I'm all over the place tonight. I wish I had some wonderful, cogent theme to follow for you - I've started this a half dozen times, once actually talking about the Jupiter symphony the radio station was playing for Mozart's birthday - but none of it is real. (actually, the Jupiter was pretty fabulous:) What's real right now is - I can't sleep.

I've had to resort to OTC sleeping aids. I'm even dabbing Origin's sleep elixir on my head and tummy before I go to sleep. Warm milk, hot tea...can't do a hot bath thanks to "Rover", my drain. (I sometimes call it "Spott". Same thing...it's just my constant companion, hanging on my right side.)

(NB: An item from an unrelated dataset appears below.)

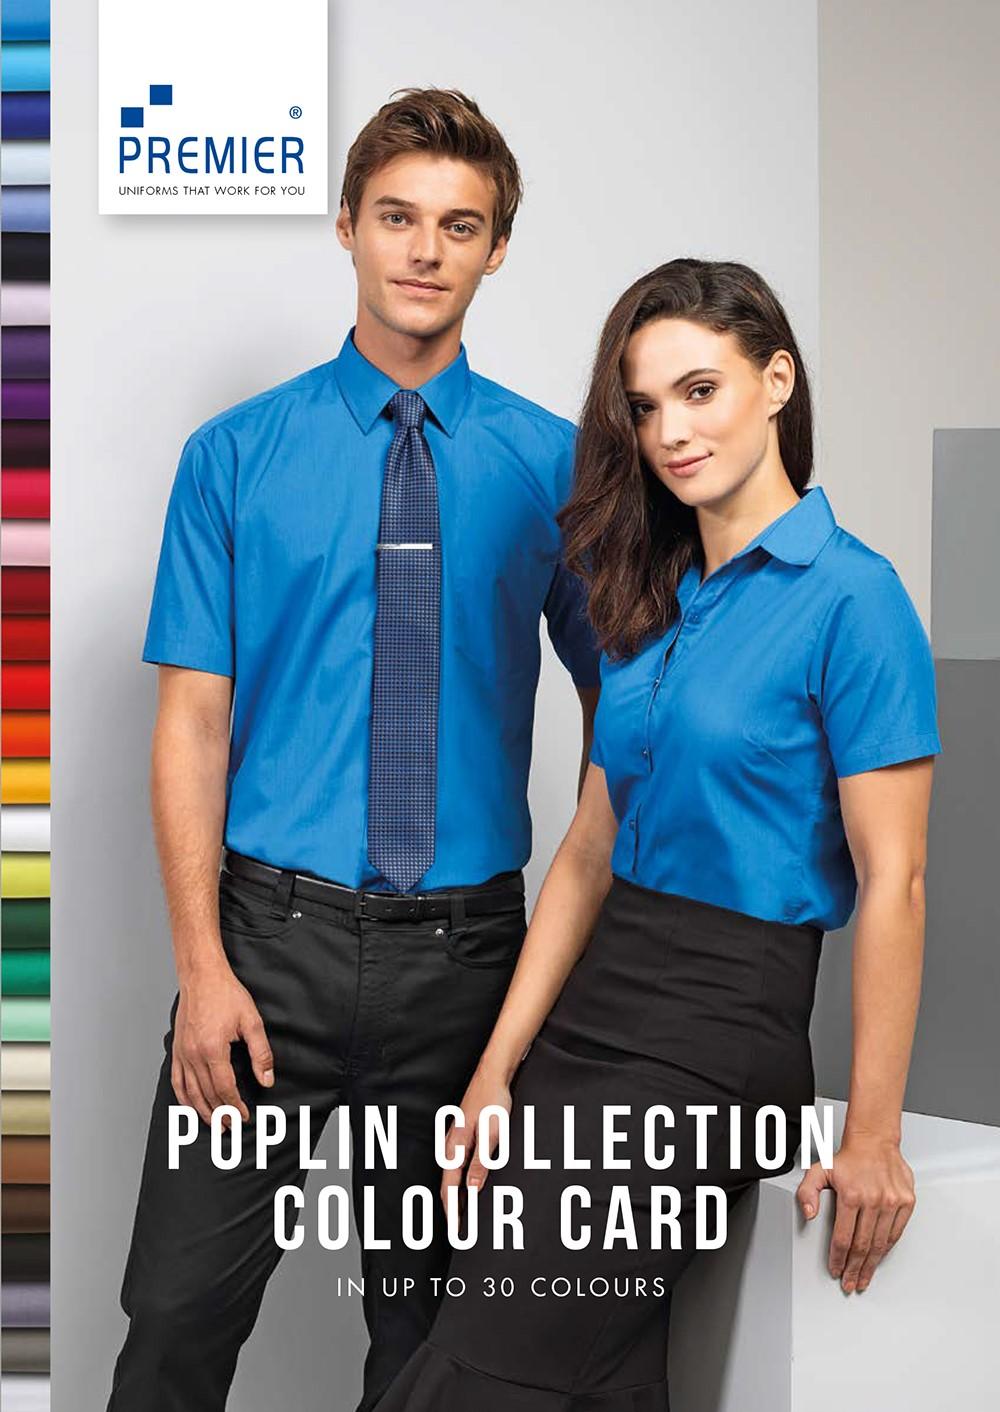 Barevnice popelínové košile

I've not had sleeplessness like this in a long time. I used to have a hard time with it a few years ago, but that was different - I was waking every night around 3 a.m., my mind spinning like a top. I'd get up, curse up a silent storm so I didn't wake Charles, and then try to read or something. And then, one sunday when I happened to actually go to church, I heard the reading about Samuel being called by God in the middle of the night. It was a nice parallel and I thought, "what the hell??" and started calling my sleepless nights my "Samuel nights." I'd get out my journal and then just write whatever it was that was rattling around in my head until I'd wear myself out, then go back to sleep.

This went on for about 3 months, about 3 or 4 nights a week. Finally, one day I saw something wierd, some guy doing something odd, and I thought, "Wow. I hope I wake up tonight...I want to write about that!" And right then, I knew it. My Samuel nights were over. I didn't wake up again for years!

So, what the heck do I call these evenings, when I toss and turn until 3 trying desperately to sleep?? Heck if I know. Frustrating as hell?? A special form of torture?? How about "Sleepless Torment"?? I wish I could find some soft and fluffy way to describe these nights and make them a wonderful life lesson, but I can't. They just suck.

It's not like I'm not trying things... Mom's been railing at me to get more exercise. Attie and I have been going on 45 minute walks on the bayou. (That's him up there in the picture. And, okay. We just started yesterday. Tonight, about half way through, he pooped out and laid upside down in the grass with his four platter-sized feet in the air, just to make his point. For those of you wondering, NO, getting exercise yesterday DID NOT help me sleep last night!) [Atticus slept wonderfully though. Snored all night.] I didn't take a nap today, which I'm sure will help. I'm working until I'm tired, instead of thinking about being tired...(okay, yes, you're pointing out that I'm sitting here writing about it... don't be a stickler!)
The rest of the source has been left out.